Berikan contoh yang baik sebelum memimpin, maka orang lain akan mengikutinya dengan
baik pula. Prinsip ini yang harus generasi muda Indonesia tanamkan. Mungkin awalnya rasa merasa
“terabaikan” itu akan hadir, tapi seiring waktu berjalan, akan ada 1 orang, kemudian 2 orang,
kemudian 3 orang, dan seterusnya yang akan terbuka dan menyadari kebenaran dari hal yang kita
contohkan dan sampaikan. Nah, disini bukankah kita telah berpartisipasi untuk kebaikan negeri ini?

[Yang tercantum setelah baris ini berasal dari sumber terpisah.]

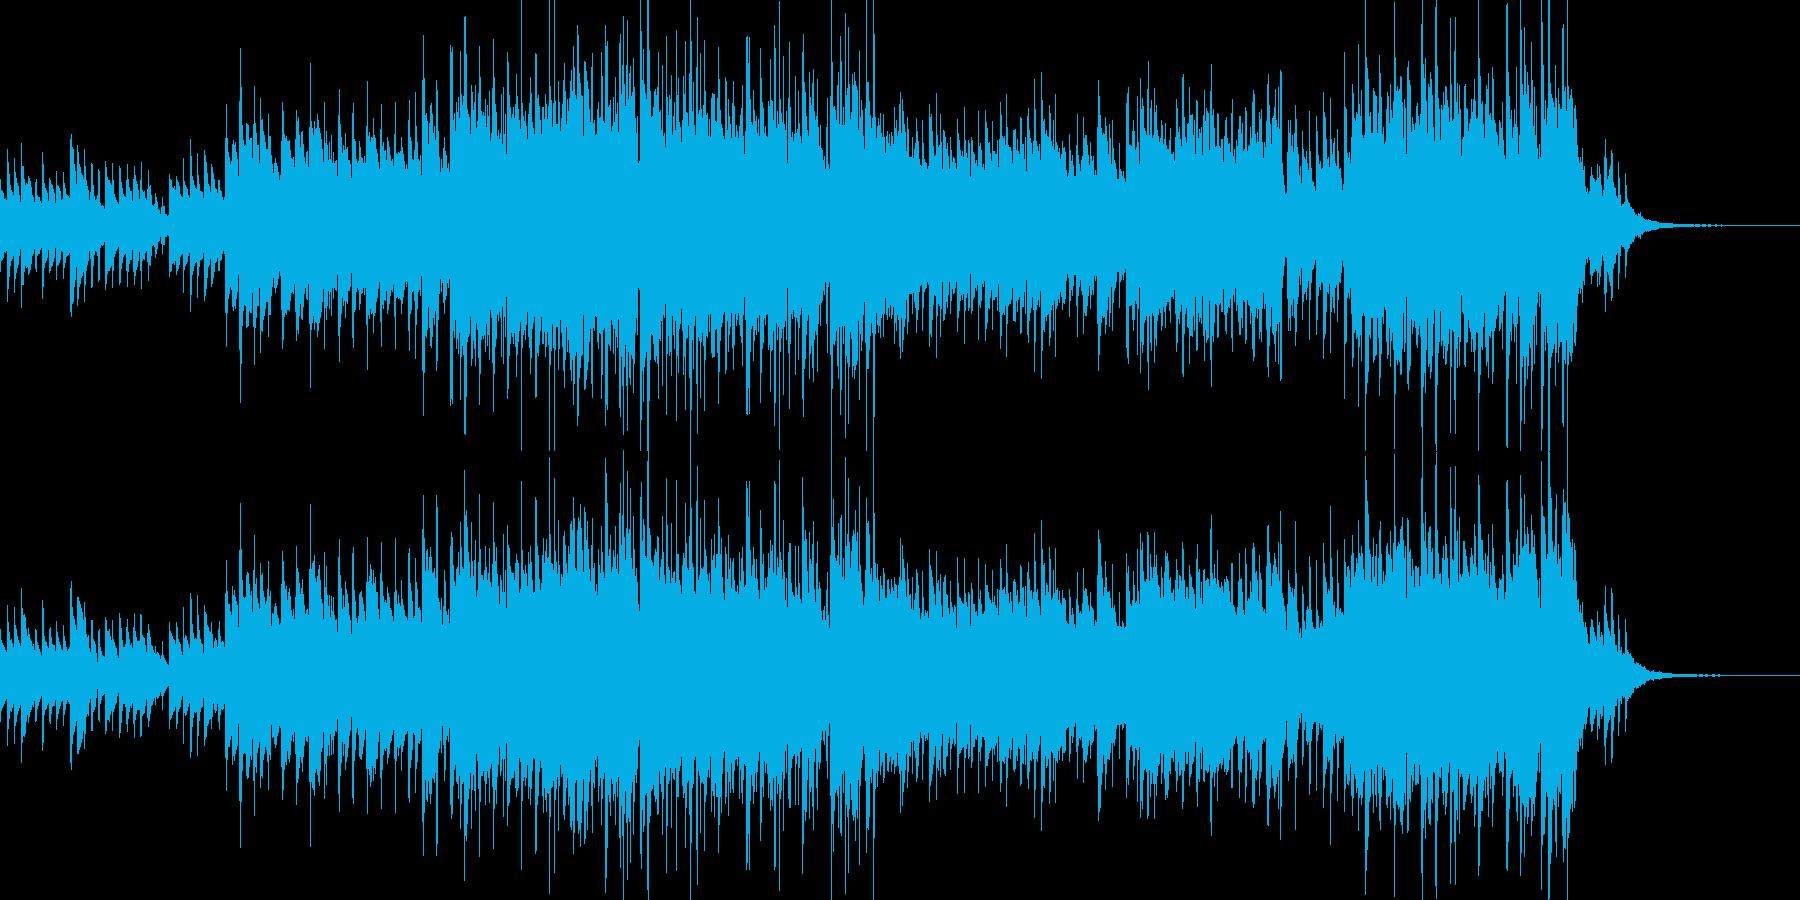 メロディが同じループのフィールド曲の再生済みの波形

Percaya, di masa depan negeri ini akan berterima kasih padamu, bukan dengan harta, juga bukan
dengan kekuasaan, tapi udara segar yang dapat dihirup dengan lancar, tanpa ada lagi zat-zat
mengerikan nan membahayakan itu.

Semoga dengan segala daya dan upaya kita, kedepannya akan lahir para pemimpin negeri
tercinta ini dari anak-anak muda “tanpa sakit paru-paru”. Jika kesehatannya saja dijaga, konon lagi
dengan bangsanya. Tentu kesehatan yang baik akan mendorong peningkatan kerja yang baik pula.
Be smart. Teruslah tumbuhlah dengan fisik dan jiwa yang sehat, anak muda Indonesia.